Господи, поскорее бы наступал завтрашний день!

Может, телеграфировать, что я его встречу? Нет, пожалуй, просто буду ждать в вестибюле. Вот будет здорово, если он меня не узнает!

Буду себе прохаживаться в роскошном и модном наряде, и если он меня не заметит, я подойду к нему сама.

— Знаете ли вы, кто я такая?

И он воскликнет:

— Боже милостивый, да ведь это Максина! Ты так прелестна, что я тебя не узнал!

Прекрасное начало! Именно так я и должна сделать!

Скорее бы наступало завтра!
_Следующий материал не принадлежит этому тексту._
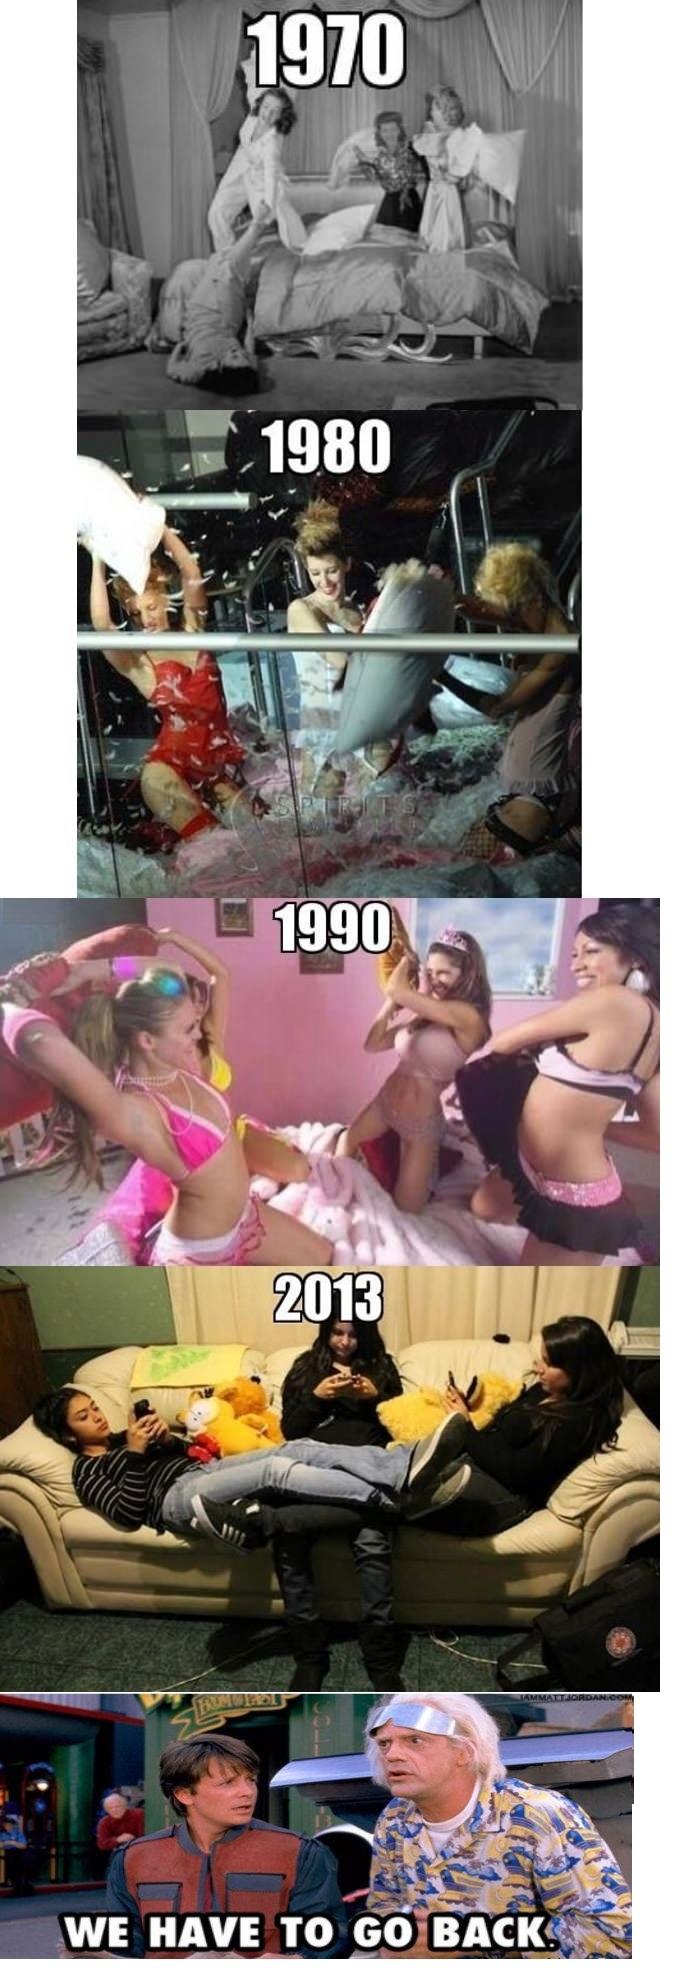 Mesdames il faut reprendre les bonnes vieilles traditions...hihi
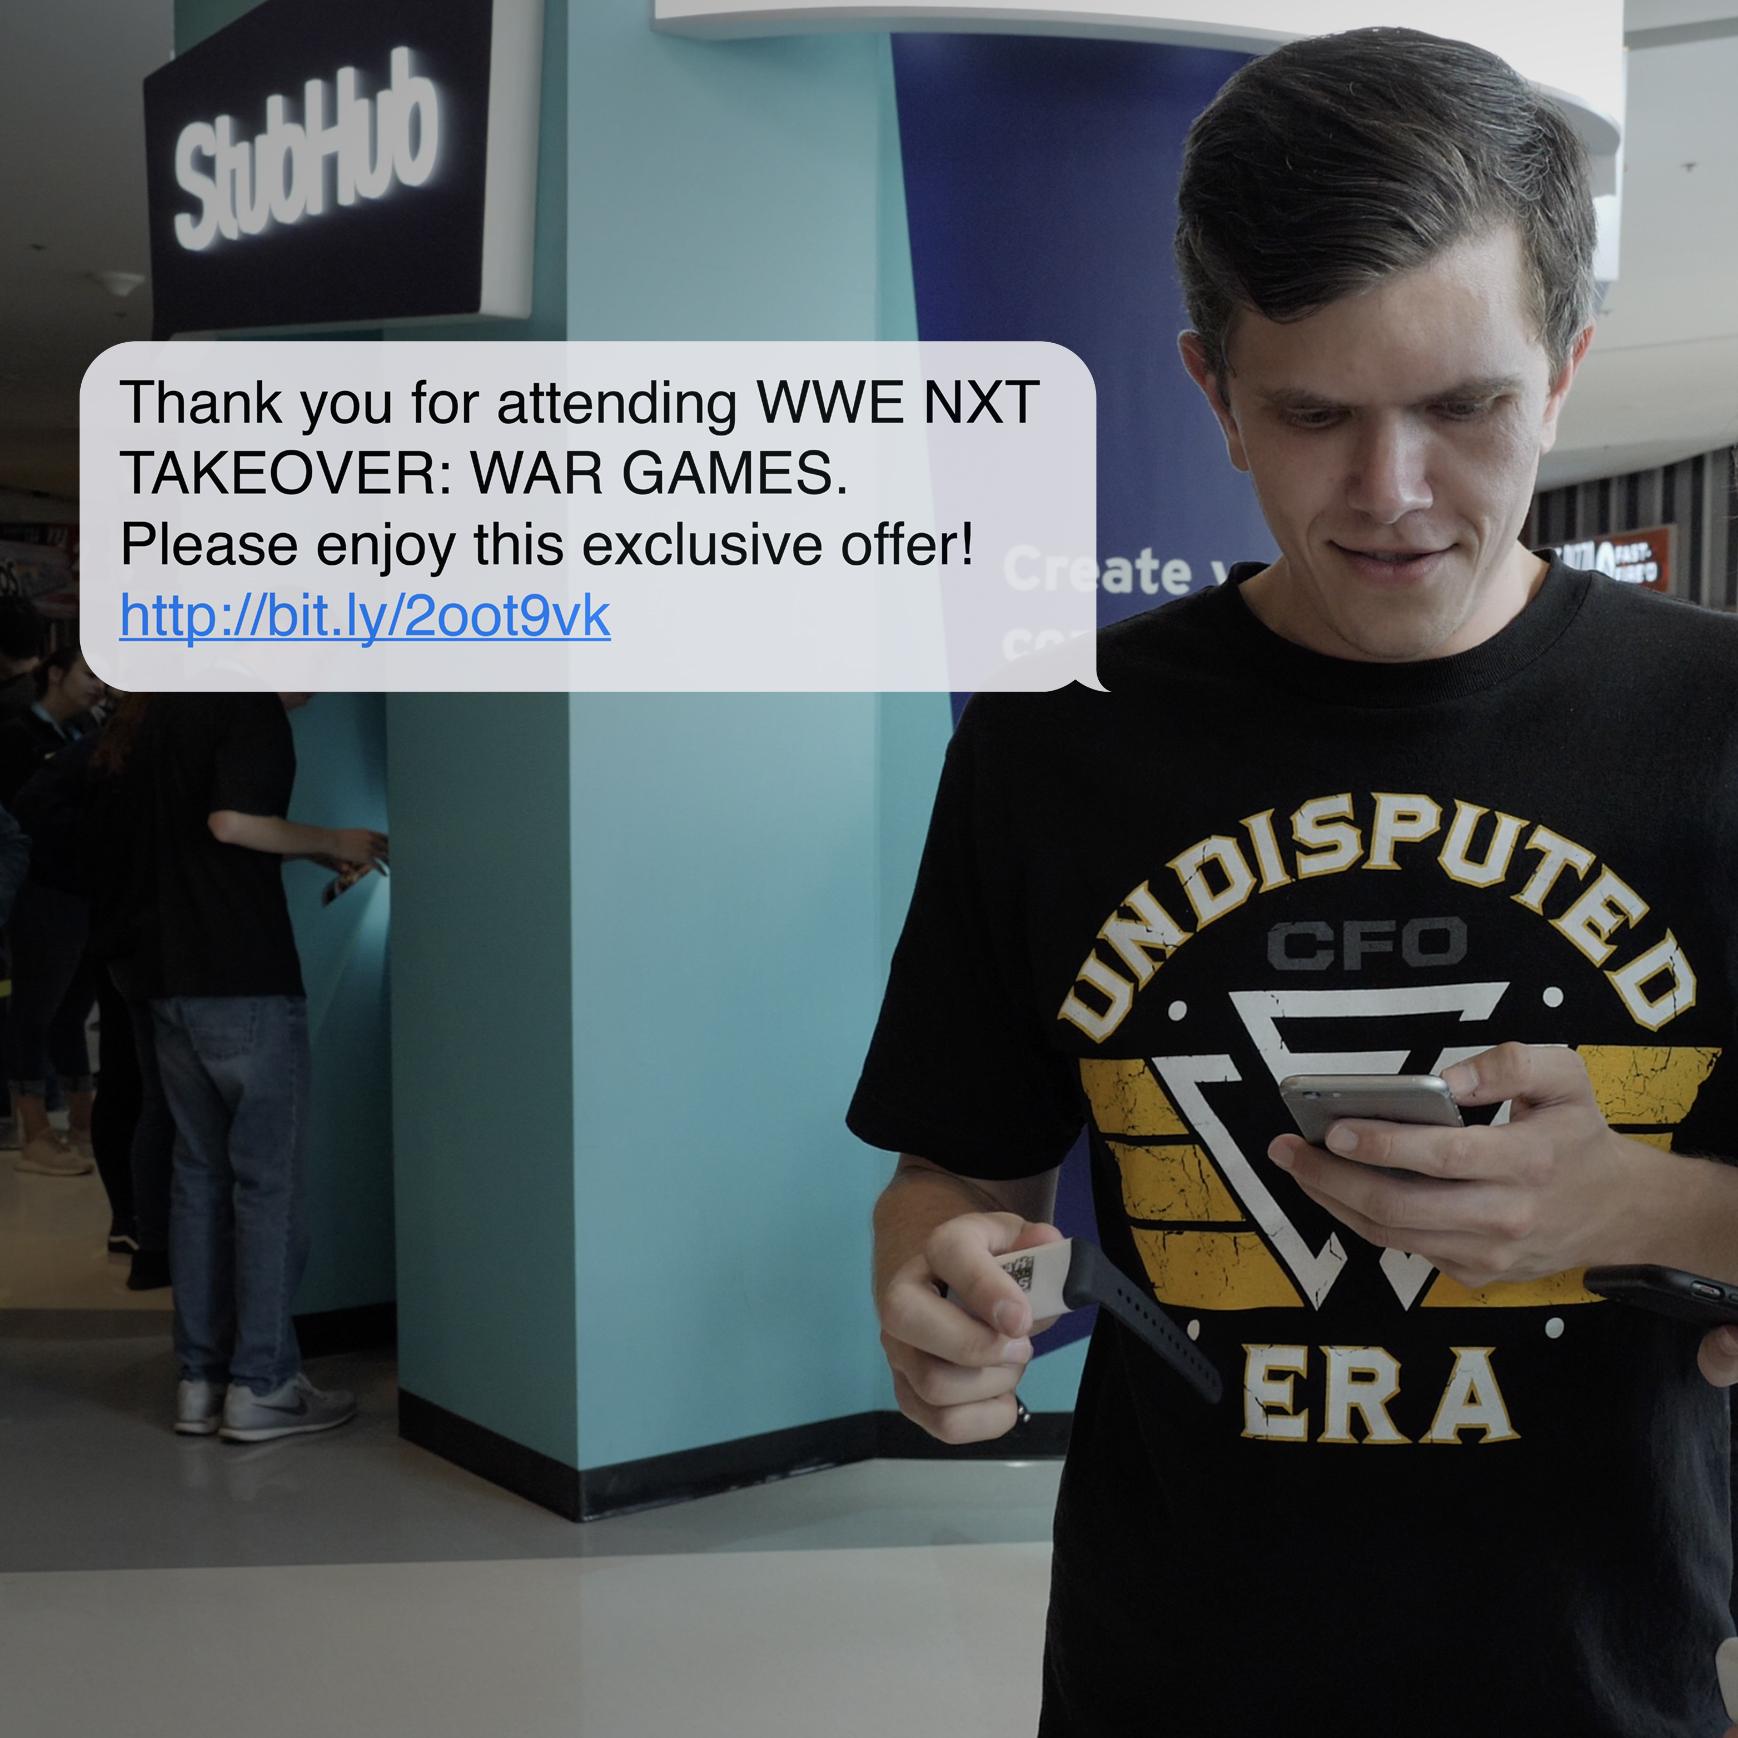 WWE Case Study 2

Вряд ли удастся заснуть нынче ночью…

* * *

По-моему, очень жалко, что люди не носят ярлычки, удостоверяющие их личность.

Вроде билетика на королевскую трибуну в Аскоте, только добавив побольше информации.

Я прекрасно знаю, что Томми очень известный художник, он сделал себе имя в Париже, но попробуй кому-нибудь в Лондоне объяснить этим его странную манеру одеваться!

Томми очень высокий и симпатичный, на американский манер, только, по-моему, все равно очень неприятно, когда в обществе на тебя глазеют.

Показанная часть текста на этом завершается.